Dernier long-métrage de Sophie Fillières, cet hymne à la vie, ce coq-à-l’âne joyeux est aussi le portrait de nos peurs, de nos manques et de ce qu’il faut faire pour que la joie demeure.
Lorsqu’on envisage qu’un film est le dernier de son auteur, il s’agit de son dernier en date. Le huitième et ultime long-métrage de Sophie Fillières, morte à la fin des prises de vues, est celui qui date. Qui clôt, tout en l’ouvrant vers l’infini, une joyeuse ribambelle de longs- métrages aux titres originaux – Grande petite, Un chat un chat, Arrête ou je continue, La Belle et la Belle…- et au ton idoine.
Ma vie ma gueule s’inscrit dans la lignée de ces beaux portraits de femmes qui lui ressemblent et nous rassemblent. Ni tout à fait la même, ni tout à fait une autre. Volontaristes, ingénieuses, perdues, emmerdeuses, les femmes de Sophie Fillières sont parfois frapadingues, souvent drôles, de temps à autre injustes, mais toujours vraies.
Ici, Barberie Bichette, c’est son improbable nom, est une poétesse à ses heures perdues qui travaille dans une agence de contenus. Barbie, c’est son improbable surnom, a une sœur, deux (grands) enfants, pas mal de vague à l’âme et parle souvent toute seule, quand elle ne parle pas à son psy. Alors qu’elle rencontre un homme qu’elle ne reconnaît pas et qui dit l’avoir bien connue jadis, elle le prend pour la mort personnifiée, et, prise de panique, se retrouve en hôpital psy.

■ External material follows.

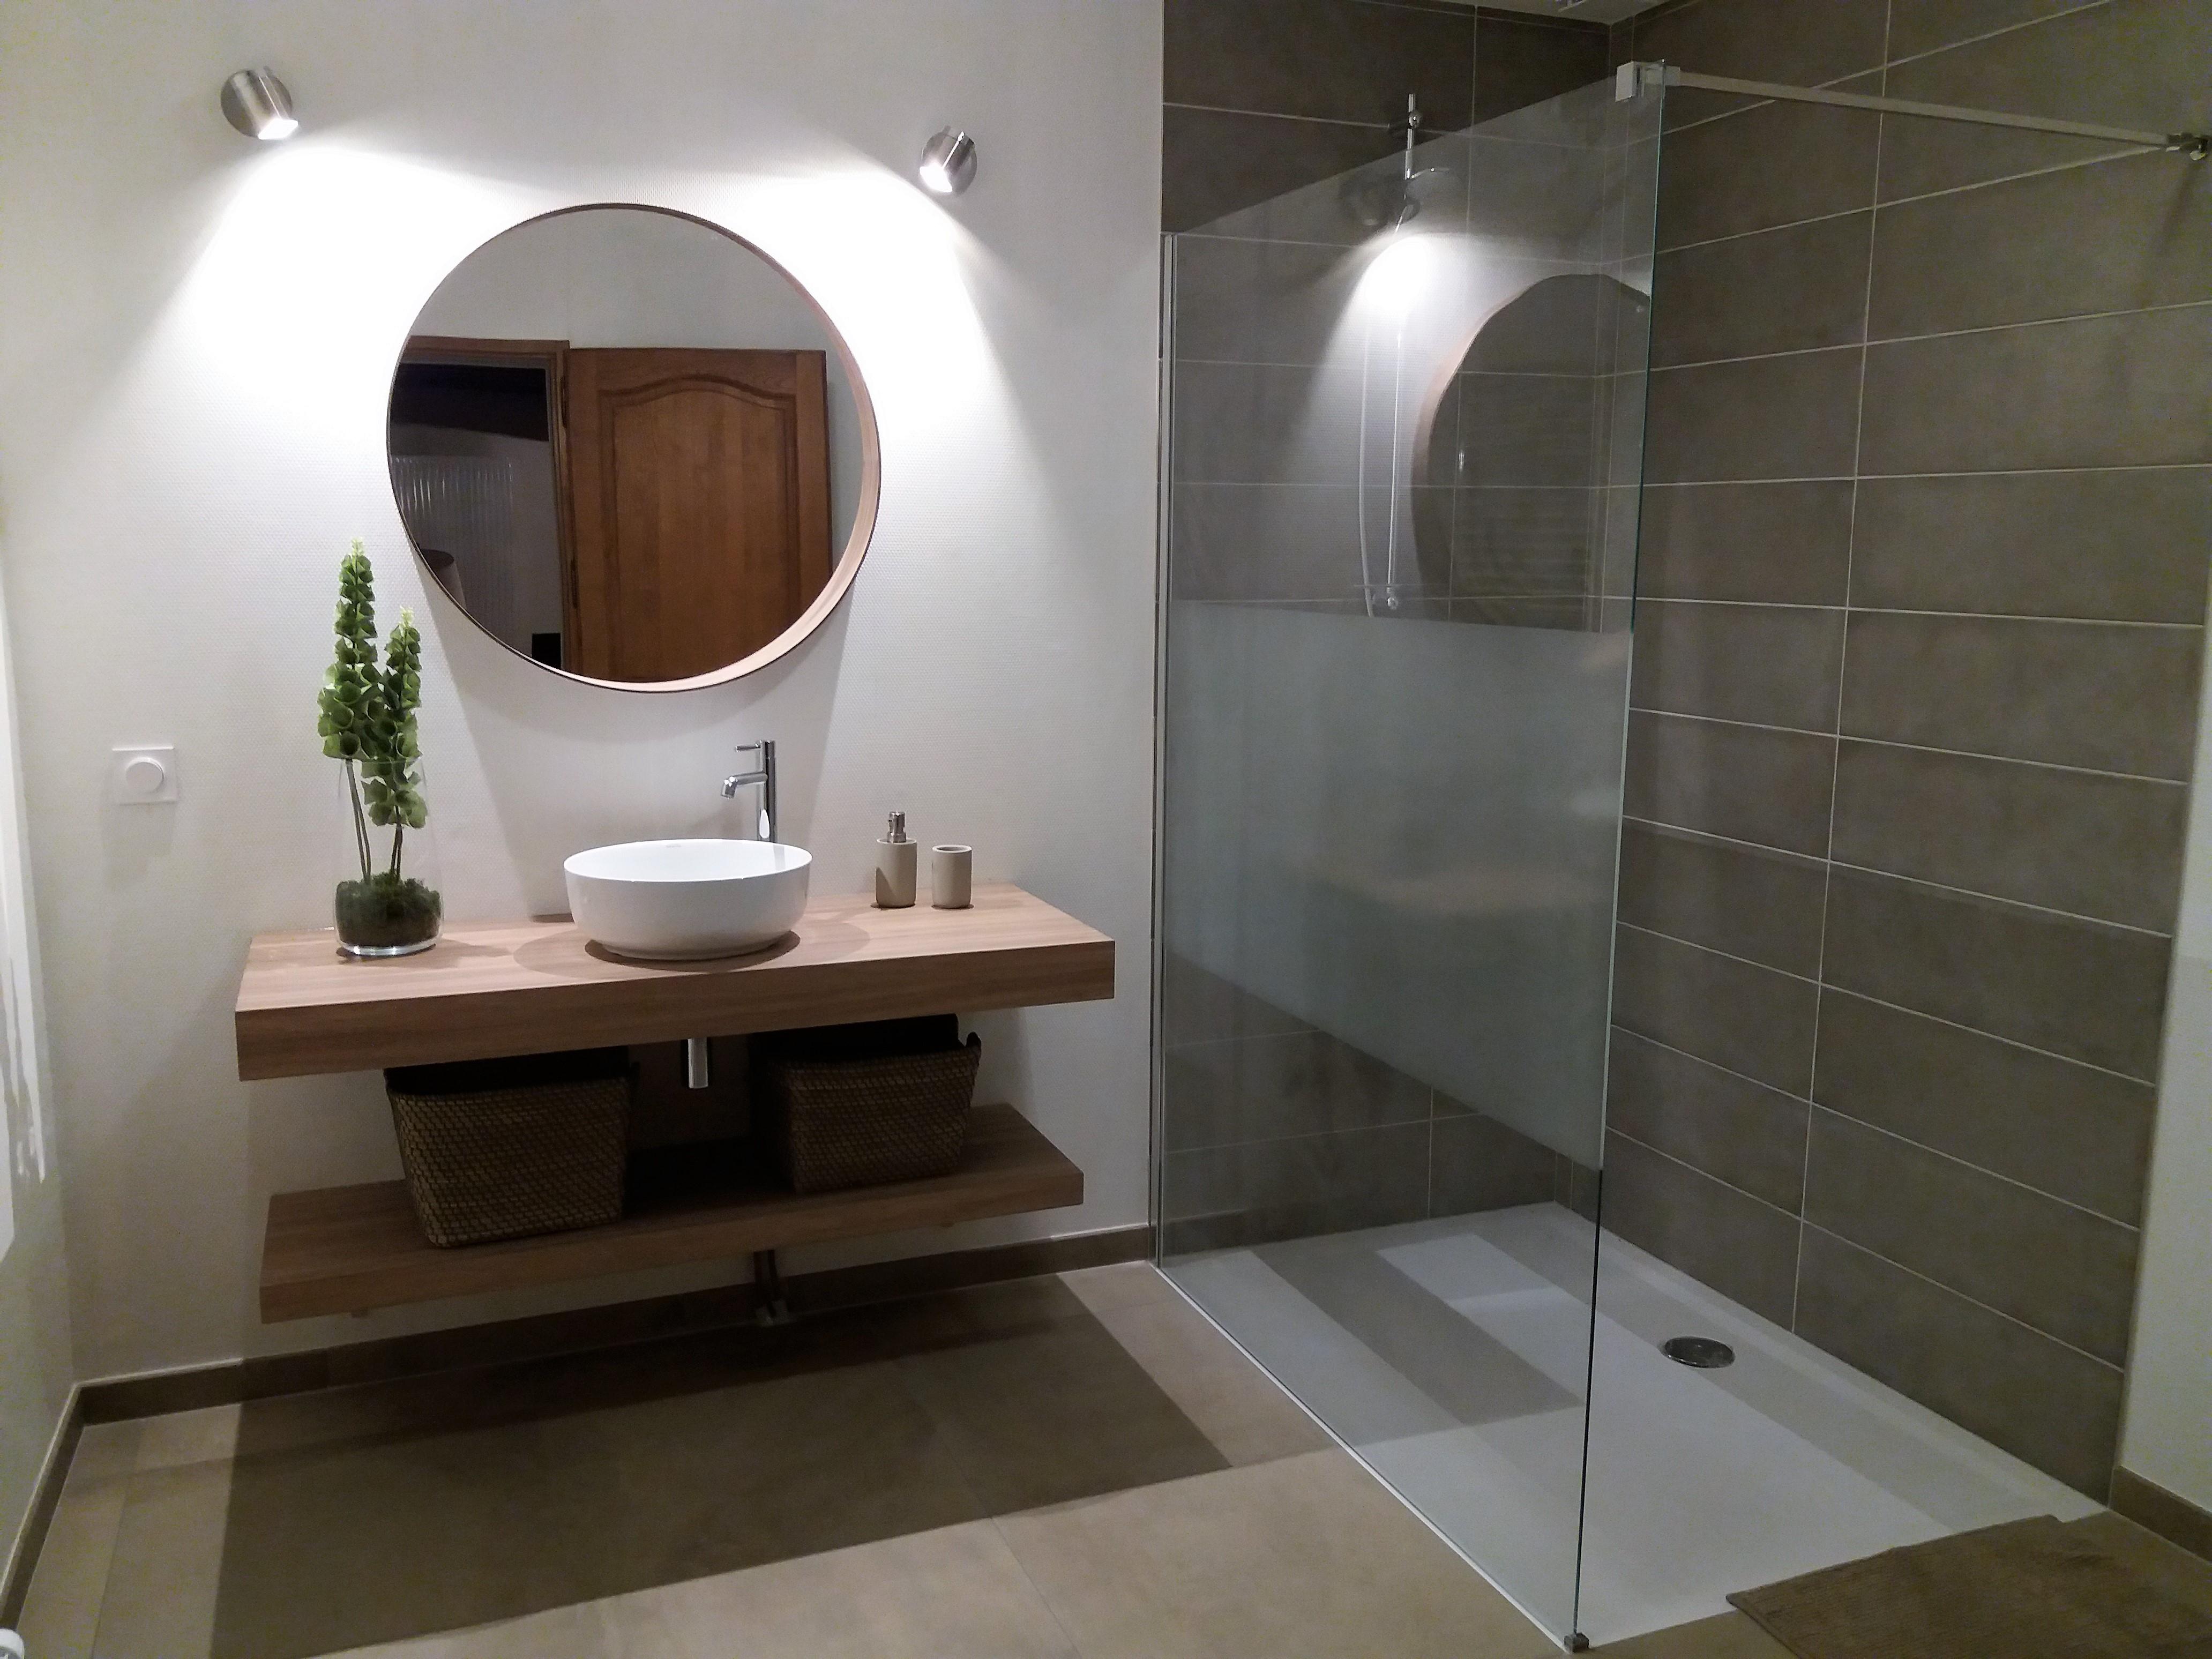 Grande Salle De Bains Avec Accs Pour Personne Mobilit Rduite Vasque Toilettes

Toujours sur un fil, Barbie ment parfois, mais s’emploie immédiatement à rétablir la vérité, et sa dépression réveille une solide envie de vivre, de partir, de devenir elle-même en mieux (on vous laisse la surprise !). C’est Agnès Jaoui, charnelle et évasive, drôle et sérieuse, qui l’incarne avec toute la force de sa fantaisie. Elle est grandiose ! Mais tout autour, les personnages de sa vie ou ceux qu’elle croise existent bel et bien, décontenancés parfois, mais vivants. Comme elle. Incarnés par des acteurs épatants venus d’horizons différents et ici à l’unisson de la folie ambiante : les enfants (Angelina Woreth et Édouard Sulpice), la sœur (Valérie Donzelli), l’homme du passé (Laurent Capelluto), des médecins (Emmanuel Salinger, Maxence Tual) et même Philippe Katherine, à moins que ce ne soit Katherine Philippe…
Solaire, malgré une mélancolie certaine, le film semble vagabonder au gré des humeurs, des tics et des tocs de son héroïne quinquagénaire. La postproduction a été effectuée par les propres enfants de Sophie Fillières (Adam et Agathe Bonitzer) à sa demande, avec une solide équipe technique et un monteur, François Quiqueré, qui a épousé les ruptures de ton, les changements météorologiques et les digressions de ce personnage fuyant parfois comme de l’eau entre les doigts. Ma vie ma gueule, qui pourrait être sous-titré : « Pourquoi faire semblant ? » selon l’interrogation que Barbie se fait à elle-même dès la première scène, est un bijou de film, qui vagabonde hors des sentiers battus pour mieux trouver son centre de gravité. Et de légèreté.